35. Minimum Window Substring

Problem Statement

Given two strings s and t of lengths m and n respectively, return the minimum window substring of s such that every character in t (including duplicates) is included in the window. If there is no such substring, return the empty string "".

The test cases will be generated such that the answer is unique.

A substring is a contiguous sequence of characters within a string.

Example 1:

Input: s = "ADOBECODEBANC", t = "ABC" Output: "BANC" Explanation: The minimum window substring "BANC" includes 'A', 'B', and 'C' from string t.

Example 2:

Input: s = "a", t = "a" Output: "a" Explanation: The entire string s is the minimum window.

Example 3:

Input: s = "a", t = "aa" Output: "" Explanation: Both 'a's from t must be included in the window. Since s only has one 'a', no such window exists.

Solution

from collections import Counter

class Solution:
    def minWindow(self, s: str, t: str) -> str:
        if not t or not s:
            return ""

        # Dictionary to store frequency of characters in t
        dict_t = Counter(t)

        # Number of unique characters in t that must be present in window
        required = len(dict_t)

        # left and right pointers for the sliding window
        left = 0

        # formed is the number of unique characters in the current window
        # that match the required count in dict_t.
        formed = 0

        # Dictionary to store frequency of characters in the current window
        window_counts = {}

        # ans tuple of the form (window length, left, right)
        ans = float('inf'), None, None

        for right in range(len(s)):
            character = s[right]
            window_counts[character] = window_counts.get(character, 0) + 1

            # If the current character's count in window matches its count in t
            if character in dict_t and window_counts[character] == dict_t[character]:
                formed += 1

            # Try to contract the window from the left
            while left <= right and formed == required:
                character = s[left]

                # Update the minimum window found so far
                if right - left + 1 < ans[0]:
                    ans = (right - left + 1, left, right)

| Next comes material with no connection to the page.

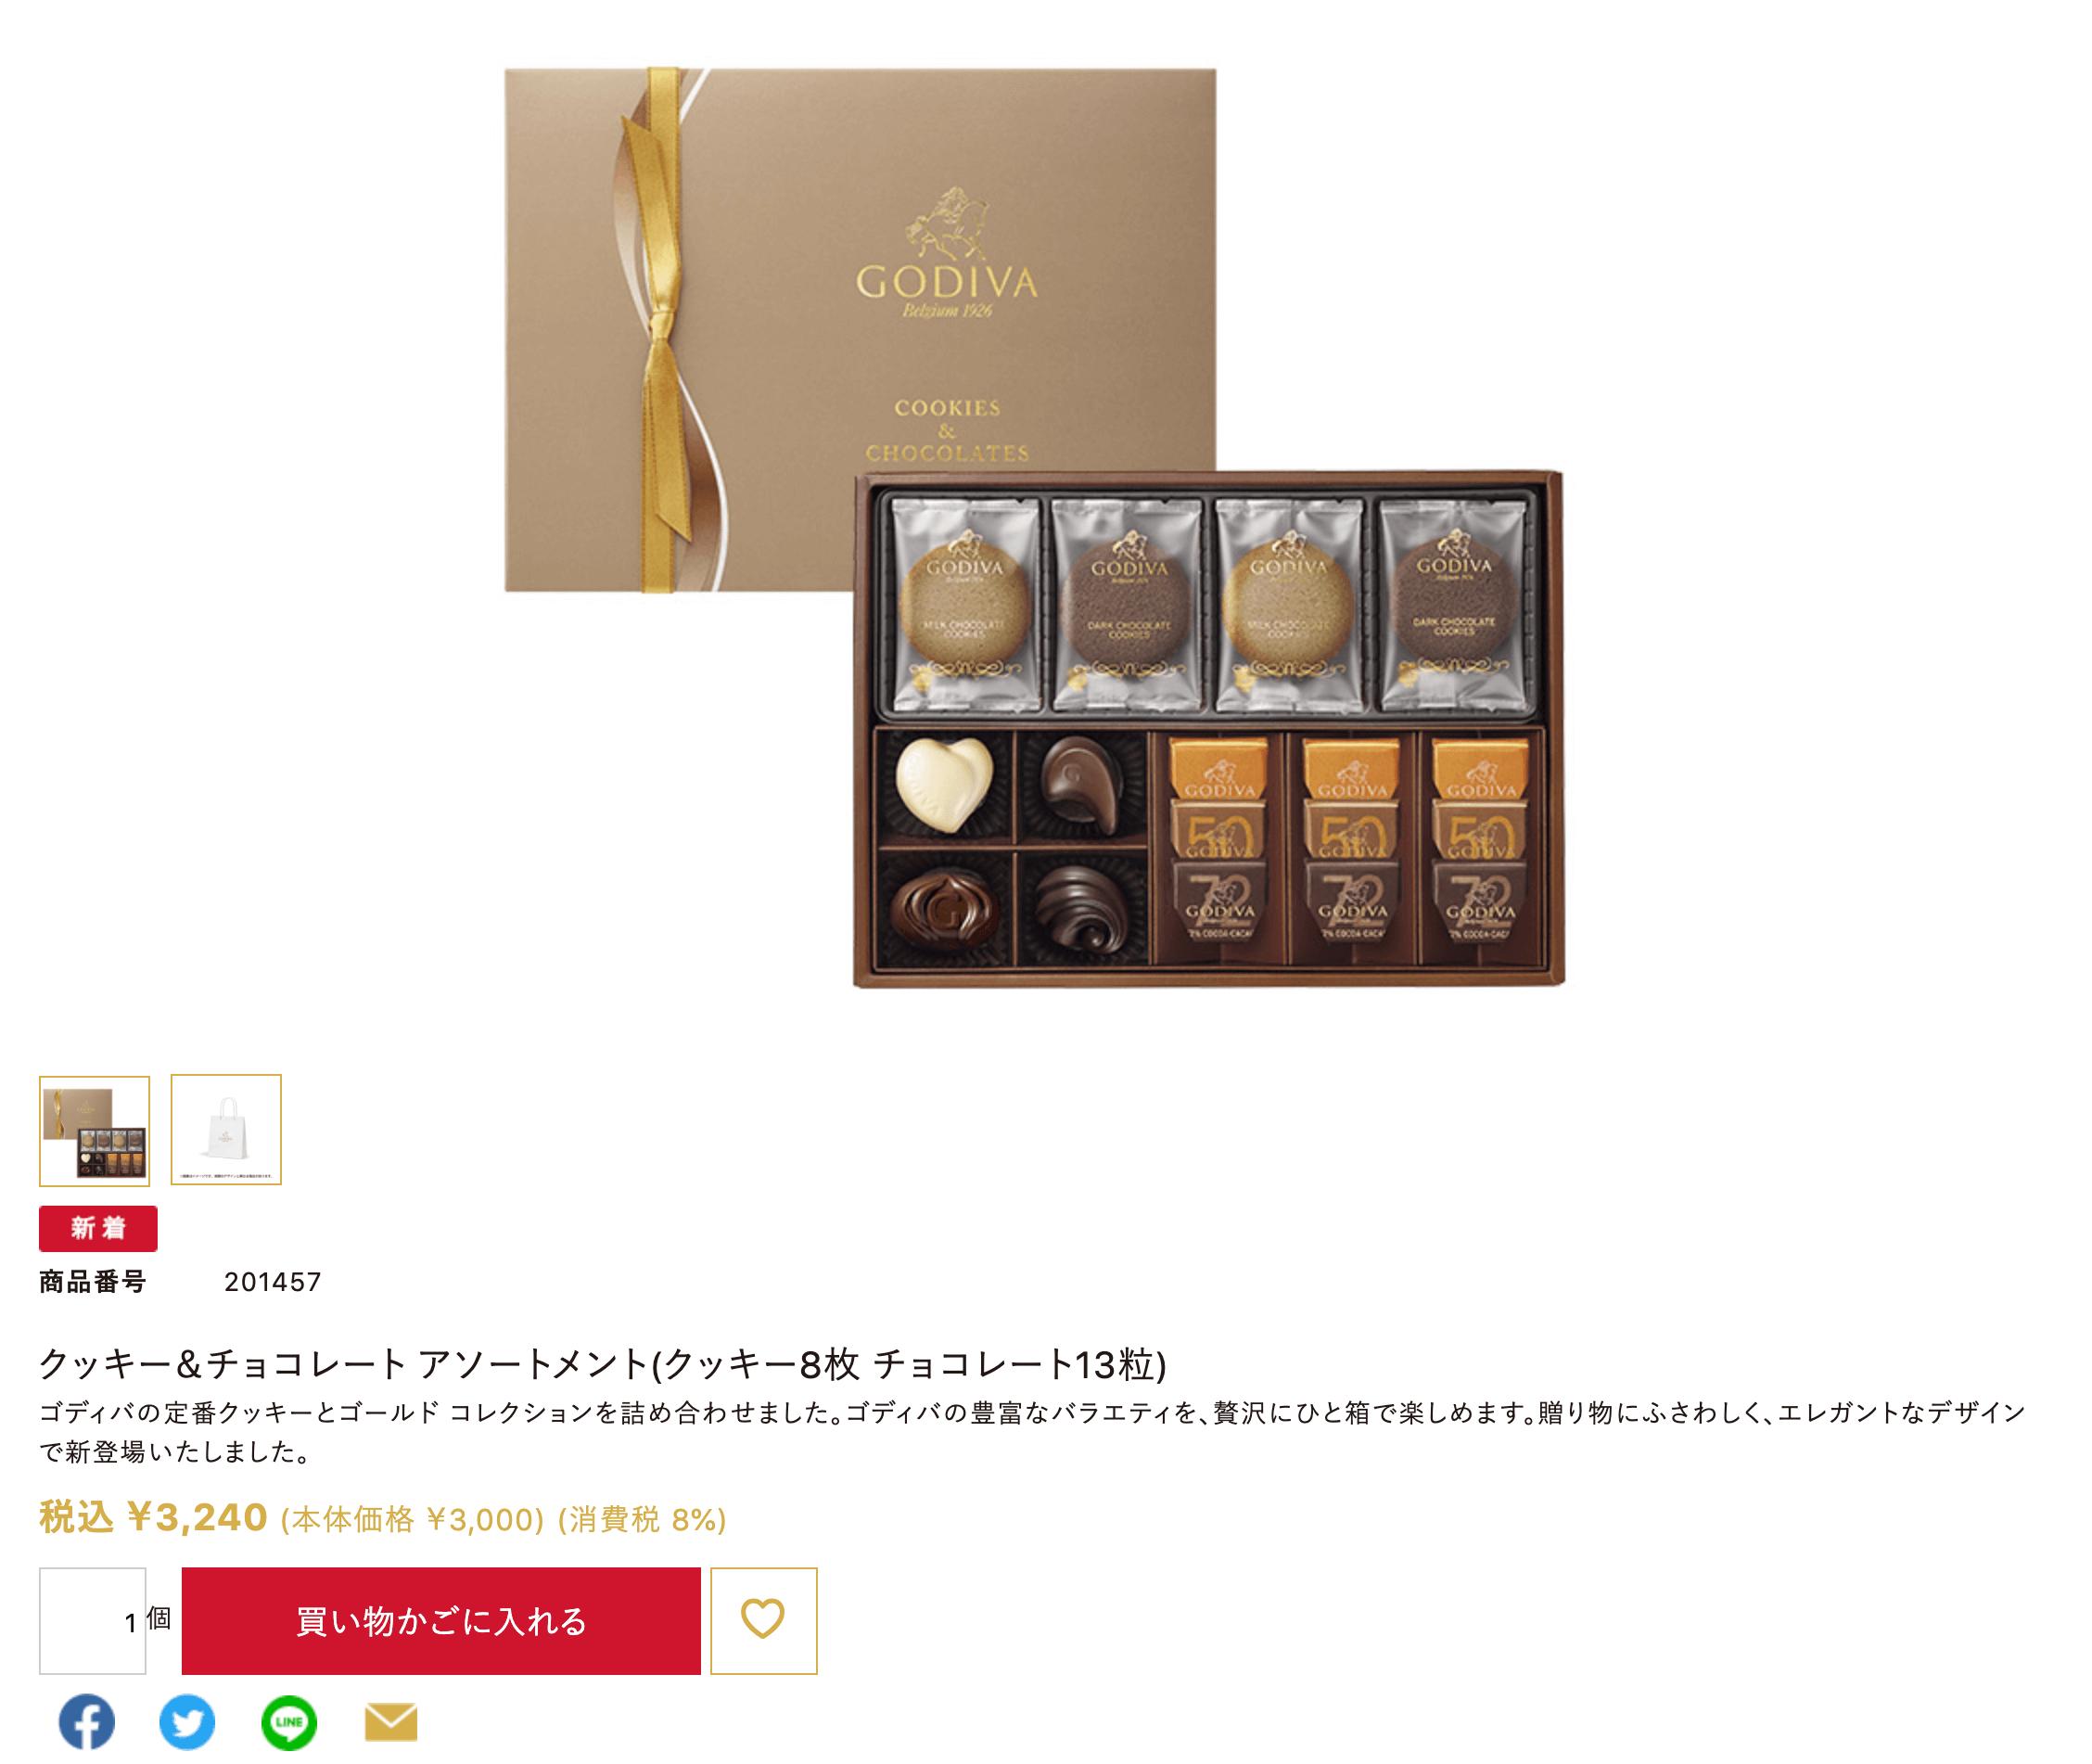 GODIVAのクッキー&チョコレートアソートメント

                # Remove character from the left of the window
                window_counts[character] -= 1
                if character in dict_t and window_counts[character] < dict_t[character]:
                    formed -= 1

                left += 1

        return "" if ans[0] == float('inf') else s[ans[1] : ans[2] + 1]

Explanation

This problem is a classic application of the sliding window technique.

Core Idea: We expand the window from the right until it contains all characters of t. Once it does, we try to shrink it from the left to find the smallest valid window. We keep track of the best (smallest) window found so far.

Character Frequencies:
- dict_t: Stores the frequency of each character in string t.
- window_counts: Stores the frequency of each character in the current sliding window.
required and formed:
- required: The number of unique characters from t that we need to have in our window (with at least their required frequencies).
- formed: The number of unique characters in the current window that satisfy their frequency requirement from dict_t.

Algorithm:

Expand Window (Right Pointer): The right pointer iterates through s, adding characters to window_counts. If a character s[right] is in dict_t and its count in window_counts matches dict_t, we increment formed.
Contract Window (Left Pointer): Once formed == required (meaning the current window contains all characters of t with their required frequencies), we enter a while loop to try and shrink the window from the left.
- Inside this loop, we first check if the current window is smaller than the ans found so far and update ans if it is.
- Then, we remove s[left] from window_counts and increment left. If s[left] was a character from t and its count in window_counts drops below its required count in dict_t, we decrement formed.
The while loop continues as long as formed == required, meaning we keep shrinking the window from the left until it becomes invalid (i.e., formed < required). At that point, we resume expanding the window from the right.

This approach ensures that we find the minimum window. The time complexity is O(S + T) where S is the length of s and T is the length of t, because both pointers traverse s at most once, and Counter(t) takes O(T). The space complexity is O(alphabet_size) for the dictionaries.